Lisbon Stock Market annual losses reached 16 per cent in May

Strong volatility on the international markets last month led to accumulated losses on the Lisbon Stock Market since January of 16 per cent.

In the same month, both the Lisbon and Madrid stock markets registered their greatest daily gains and losses for the decade.

By May 18, pessimist economists in America were warning that a ‘major crash’ was likely and that US investors should ‘sell major stocks’. 

Falls registered an overall 4.5 per cent fall in May on the Lisbon PSI 20 and 15.6 per cent on the Athens General Stock Market.

Since January, the Greek stock market, which has been at the centre of the financial storm, suffered accumulated losses of 28.2 per cent.

Madrid’s IBEX 35 lost 10.1 per cent off the value of shares while the Paris CAC 40 lost an average of 7.9 per cent for the month.

London’s FTSE 100 saw 6.5 per cent wiped of the value of its company shares while the United States three main stock markets (S&P 500, Nasdaq 100 and Dow Jones) lost between 7.2 and 7.6 per cent. Only the German DAX succeeded in limiting losses to a modest 3 per cent.

The result of this market turbulence provoked over the Athens Crisis, European public debt concerns, fears for the survival of the Euro and worries that the world could enter a fresh recession, caused the Euro to plunge against the dollar and the interest rate costs for servicing public debt to go through the roof.

Other contributory factors on the international scene included tensions between North and South Korea, the BP oil spill in the United States and fresh downgrades on Spain’s credit rating.

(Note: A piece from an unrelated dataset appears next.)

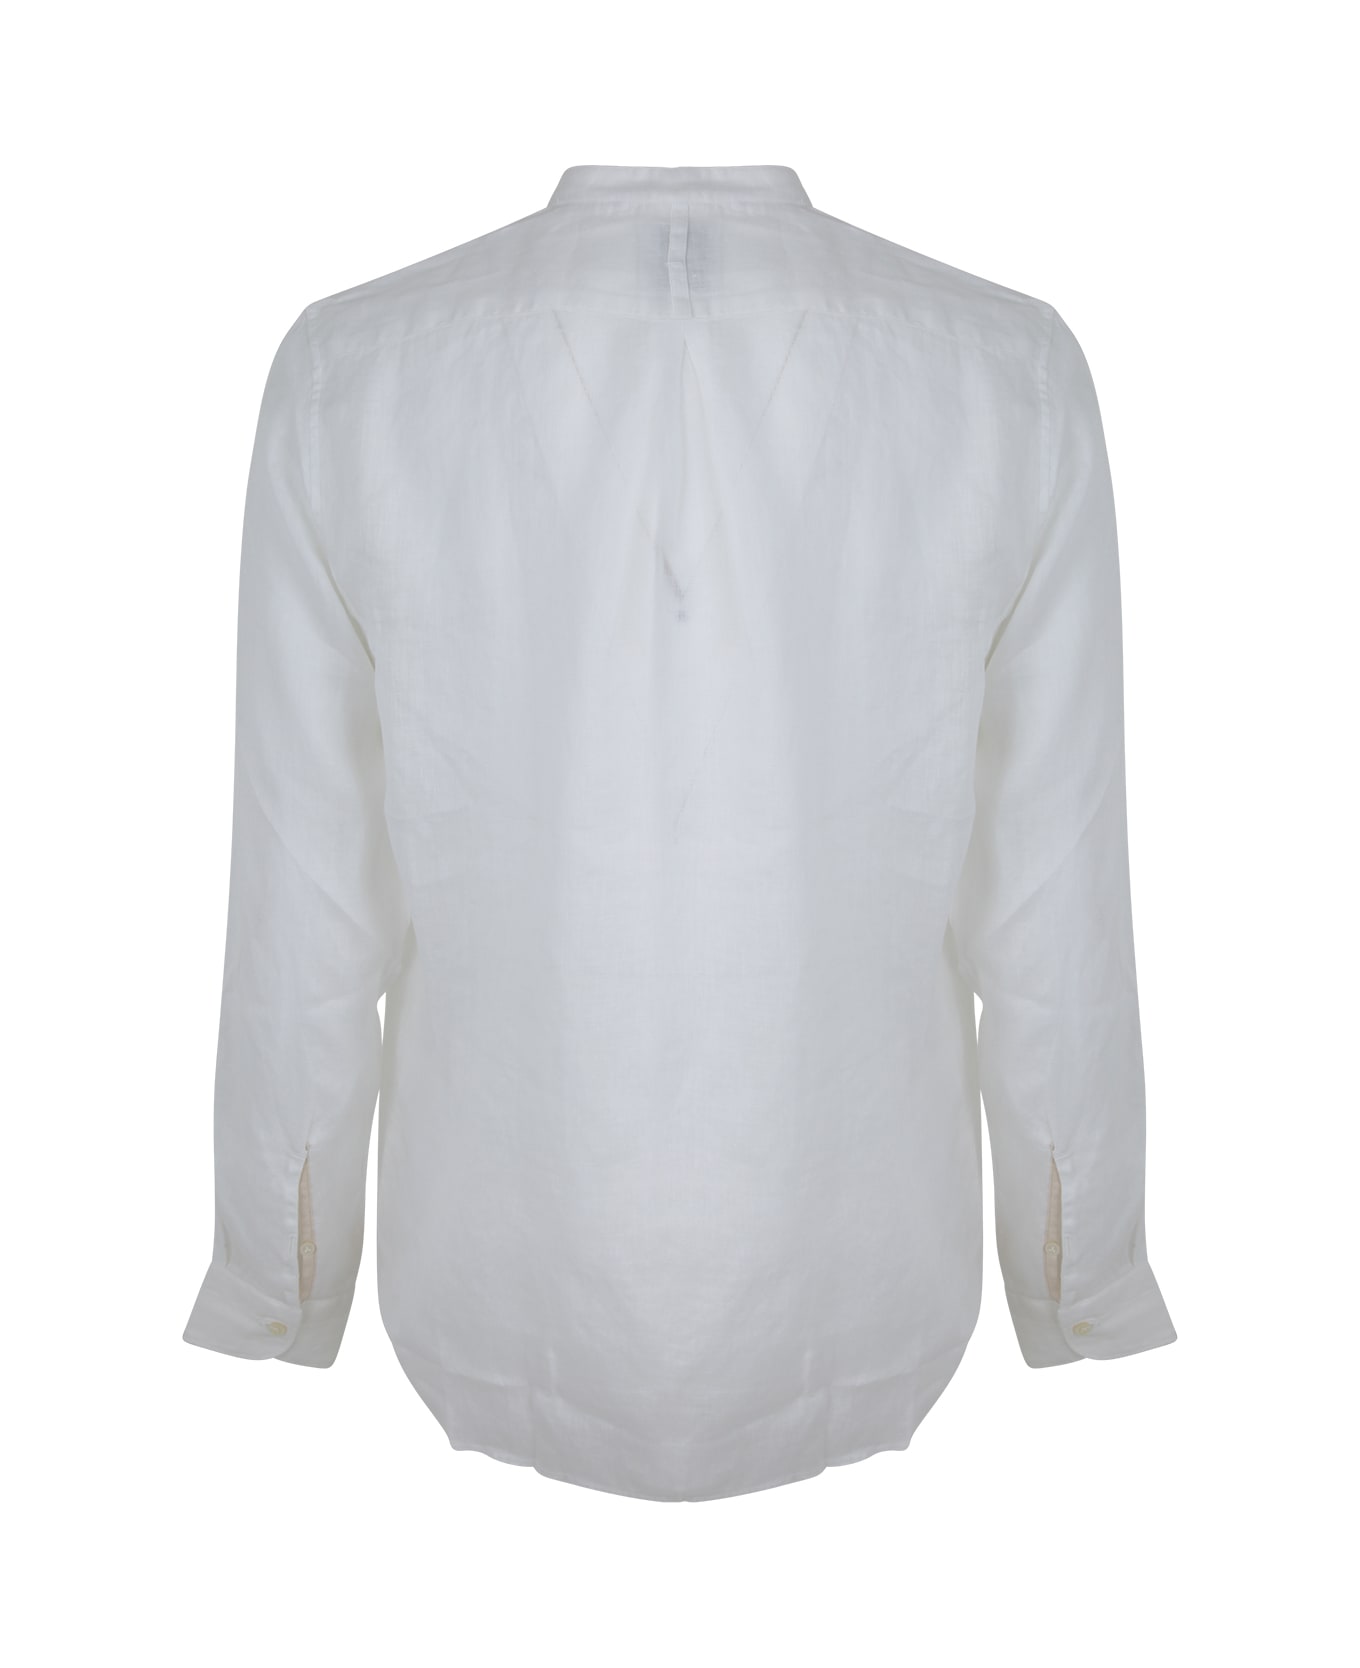 DNL Korean Neck Shirt - White

The May crisis also made it costly and difficult for Portuguese banks to obtain credit at reasonable rates on the international money lending markets.

More recently the markets are jittery that tough austerity plans launched by London, Lisbon, Madrid, Paris and Berlin could have a strong negative impact on consumer spending and economic growth.

The markets started showing signs of deterioration in early April including a shrinking number of stocks reaching 52-week highs and falling stocks outnumbering rising ones.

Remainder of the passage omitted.